A few months before his appearance at CEBIT 2018, we interviewed him on the way technological progress, with all its algorithms and artificial intelligence, is changing our society – and how we should react.
An ever-growing number of people are surrounding themselves with devices like Amazon Echo or Google Home without knowing what’s going on behind them. We use social networks, but nobody knows the algorithms. And the outsider also has no idea of the criteria Google is using to prioritize content. There is an even deeper problem: Digital neural networks are already being used, but even the experts don’t understand how these complex systems actually function.
The call is therefore becoming louder for explainable AI, i.e. AI systems that can be understood in their behavior, regardless of their performance capabilities. For example, if you do not understand a type of artificial intelligence that can decide on granting you a bank loan today, you will never be able to explain why a credit decision comes out negative tomorrow.
Algorithms always have their moments of error, no matter how small. And you also have to be able to explain these. Imagine an algorithm that recognizes you as a criminal. In that case, I find it socially important and legitimate to understand where that recognition comes from.
No, I simply support a more considered approach to progress. In Germany in particular, we have a peculiar black and white approach to issues involving technological progress. We need to resolve this problem by taking a more measured approach to technology.
Our children are currently being conditioned to trust machines unconditionally. But these machines are not impartial servants – they want to sell us something. If children don’t learn to deeply consider things, how can they develop into empowered and enlightened citizens?
It's not about condemning technology. But blind faith needs to give way to comprehension. We are actors in a world of black boxes which are becoming more and more important in our lives, and as a society, we must ask ourselves how we can create greater transparency.
Our societies are already increasingly shaped by algorithms.

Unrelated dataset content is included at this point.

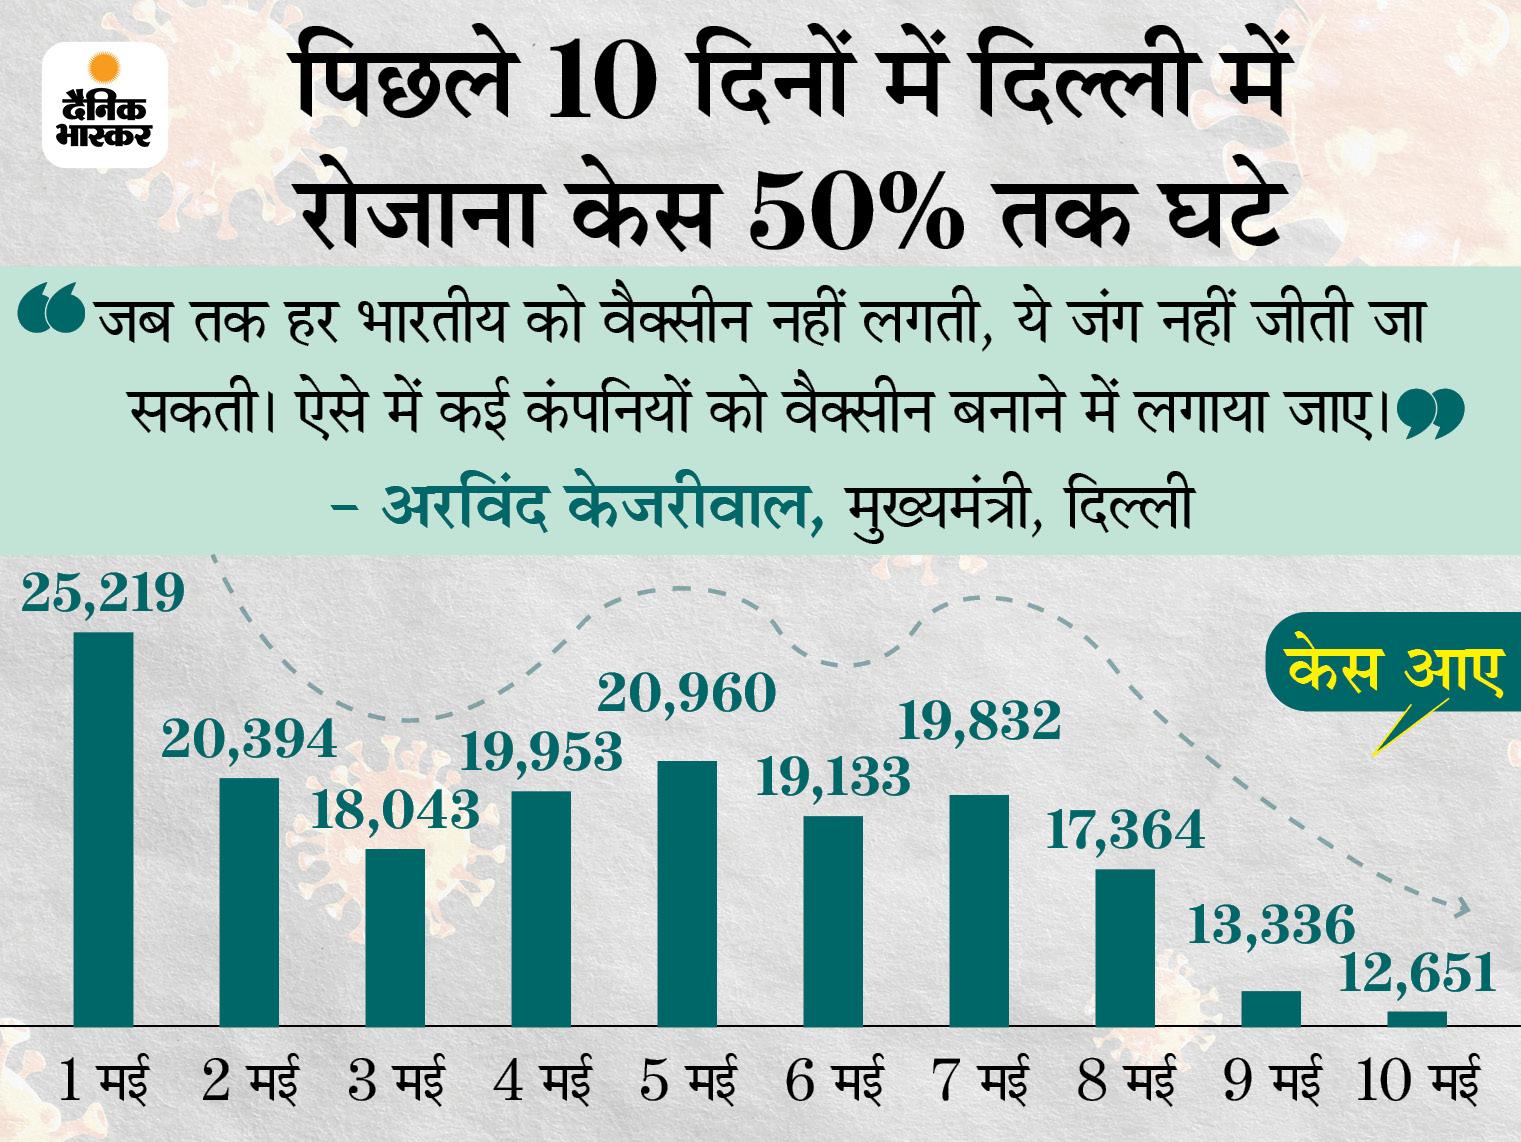 केजरीवाल बोले- दिल्ली में कोरोना संक्रमण काबू में; अब ICU और ऑक्सीजन बेड्स की कमी नहीं|देश,National - Dainik Bhaskar

The Facebook algorithm, for example, determines who comes into contact with whom. As a result, social groups are being formed on the Web solely on the basis of a single corporation’s decision-making processes.
While traditional media – in particular public broadcasting – have a duty to be balanced, algorithms apply completely different criteria. We’re reaching a point where algorithms will decide which social group’s voice will even be heard in the democratic discourse. This influences our thought processes and perception of reality. You can imagine the kind of consciousness this is going to create.
"Meaningful" may sound good, but you can interpret that in a number of ways. The question is, who is going to decide what kind of discussion society is allowed to engage in? Can a system that exists outside of society decide who talks to whom?
We need to write an owner’s manual for progress. Currently we are like children who unwrap a gift and start using it immediately. The platforms operated by Google or Facebook are now so large they have become system-relevant. If a network can exert such a great amount of influence on our co-existence as a society, we need to insist that they disclose their algorithms.
The mass media have developed into the media of the masses, because anyone can publish something and reach millions of people with it. This is a great opportunity on the one hand, but whoever has hundreds of thousands of followers also has an influence on our society and therefore bears a different kind of responsibility. I believe this requires a different set of rules. Today we can already see how social networks are becoming a breeding ground for "alternative truths" in a fragmented party landscape, with a social discourse that is driven by algorithms.
Our digital culture offers us a new type of cooperation that was unknown to us in previous years. We need to learn the rules of this cooperation and actively pursue the opportunities it is opening up. It would be a sad state of affairs if digitization ultimately blew up in our faces just because we failed to do our homework.
We might just experience a future in which we have digital servants who take care of the menial aspects of life, while we humans take care of the things that are important to our society. To put it bluntly: If machines can program machines, it makes little sense for humans to learn a programming language. Isn't it smarter then to give our children a feel for poetry and painting? The digital revolution is opening up new opportunities for us, but it is also changing our society.
We are thus faced with incredibly exciting times which have the potential to make our world more worthwhile. The present crucial phase harbors a number of questions: What is the significance of work? What are our shared objectives? What are the values of a new society and how will we succeed in making a stable transition from the world of today to the world of tomorrow? It is a rocky road we must travel, one that will be molded by a great deal of social discourse, not just business models.